ECS110 Lecture Notes for Wednesday, November 15, 1995

Professor Rogaway conducting

Lecture 20

Scribe of the day: Paula Barter




REMINDER!  Remember to delete the large files from program 3!!

Today's Lecture
-Hashing


Review: ADT Dictionary //Data - a set of elements S, Each element having an associated // Key, Drawn from some universe U of Keys. // No two elements have the same key. //Operations - void insert(Element i); //adds i to S int in(Element i); //returns 1 if i is in S else returns 0 void delete(Element i); //removes i from S Now, incorporate this idea of Hashing with this ADT. S is a set in the Universe of Keys. h is the hash function from S to the Hash Table. Each section of the Table is called a slot. A collision is when two different keys map to the same slot This is resolved by chaining. Dynamic Hashing: When you don't know n (number of items). For Example when (the load factor) alpha > 1 then double m (the size of the hash table) This is called Rehashing. Claim: Under uniform hashing assumption, n operations takes expected theta(n) time. Example: initialize m = 100 insert 1st 400 items: Note: with each increase of m a new hash function is needed.
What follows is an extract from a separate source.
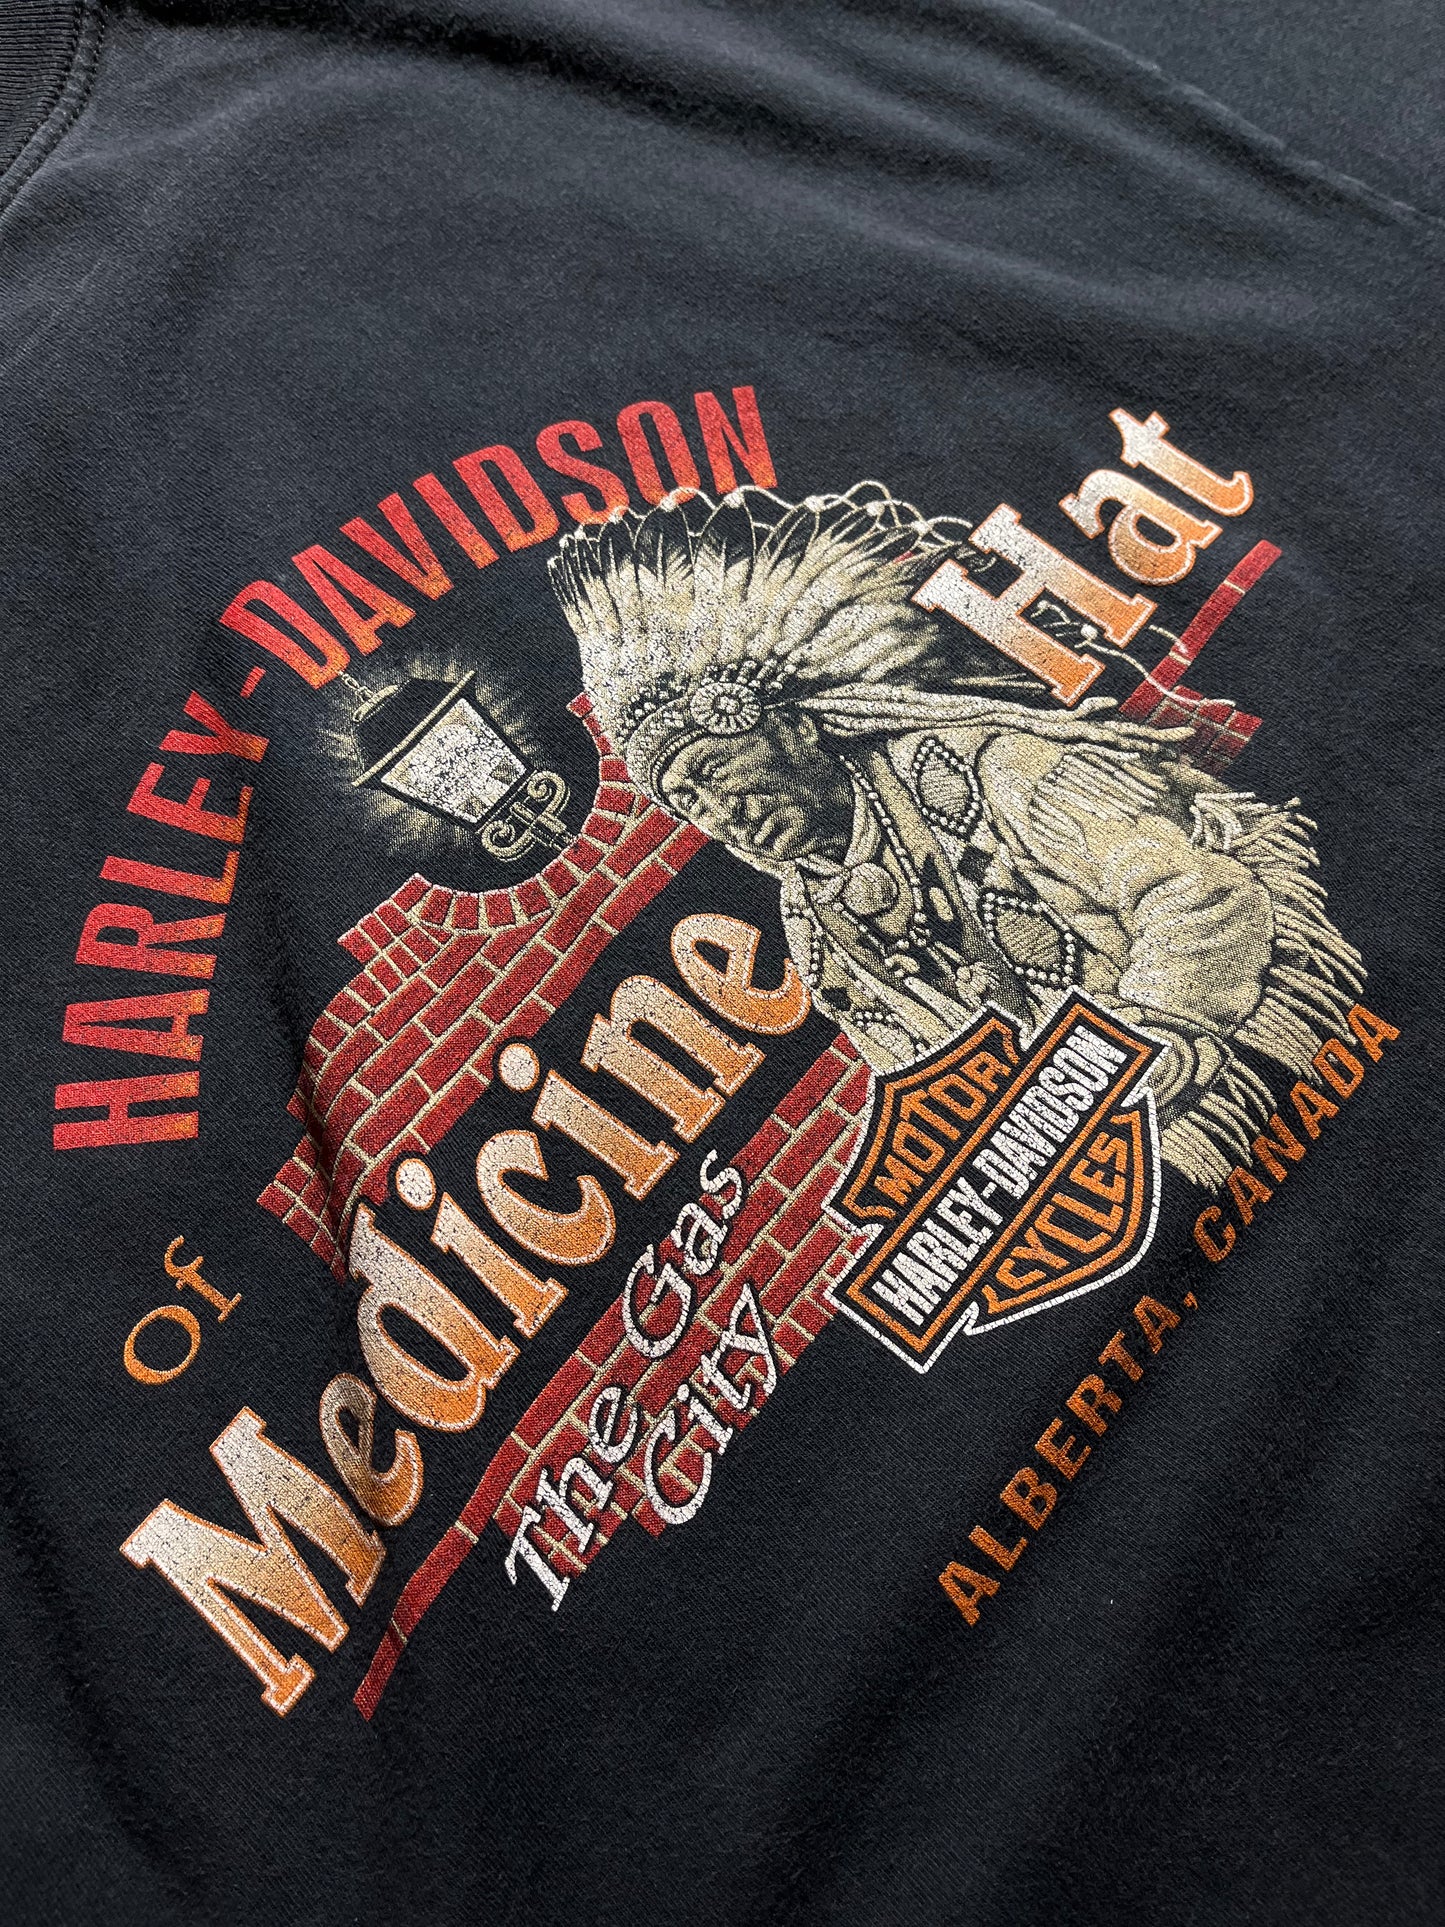 Vintage Harley Davidson T-Shirt Medicine Hat GAS CITY

Assume m = 4 and the following 4 inserts are called: insert("Fred") insert("Sam") insert("Alice") insert("Ali") Now insert("Bob") is called. This would make the load factor greater than one. The old Hash Table is therefore rehashed with a new hash function. Now Let's return to the expense of the hash function. The average cost from 1 - 101 = 2 The average cost from 102 - 201 = 3 The average cost from 202 - 401 = 3 The average cost from 402 - 801 = 3 Let's take for example an Accounting trick: To show theta(1) expected time per operation over a sequence of operations: Suppose the "real" cost for a "simple" insert is $1.00 Suppose the "rehash cost" is $n.00 For any insert charge $3.00. This implies that: For the "simple" insert use $1.00 to cover costs put the other $2.00 in the savings For the "rehash cost" use the money in savings. Claim: There will always be enough money in your savings account to pay for the "rehash cost". Proof: Preceding the n rehash there were n/2 "simple" inserts. Then there are $n in the savings, which is enough to cover costs.
Here are Three ways to make your h (hashing) function: 1. Division Method k (a key) //enormous integer h(k) = k % m //especially common when k is a word choose m to be prime but a prime not close to a power of 2. For example: m = 256 could only deal with the last byte of k. m = 701 is good for about 1000 items. 2. Multiplication Method h(k) = |_ m*(betta*k)*fractional part _| // betta- a weird //constant // ie (squareroot(5) //- 1) / 2 = .6180339877 3. Folding k = x1x2x3....xt // |x1| = 16 h(k) = the sum from 1 to t (xi) % m However this is insensitive to the arrangement of strings. For example: x1x2x3x4 x2x4x1x3 x3x2x4x1 All of these have the same value. Note: Simple hash functions increase speed. Perfect Hashing ( arrangement of things so there are no collisions) - choosing h such that no two keys from S collide - need to know S in advance - You know S for example in compilers Let's say we have 60 reserved words. We are given a set of keys and we need to decide which are reserved words and which are identifiers. Given: String S Return: (reserved word, the word itself) or (identifier, the word itself) 1. You could compare each word with list of reserve words. But this is very slow (60 comparisons). 2. Binary Search Tree. Depth is n, there will still be n comparisons. 3. Find a perfect Hash Program, this will be very fast.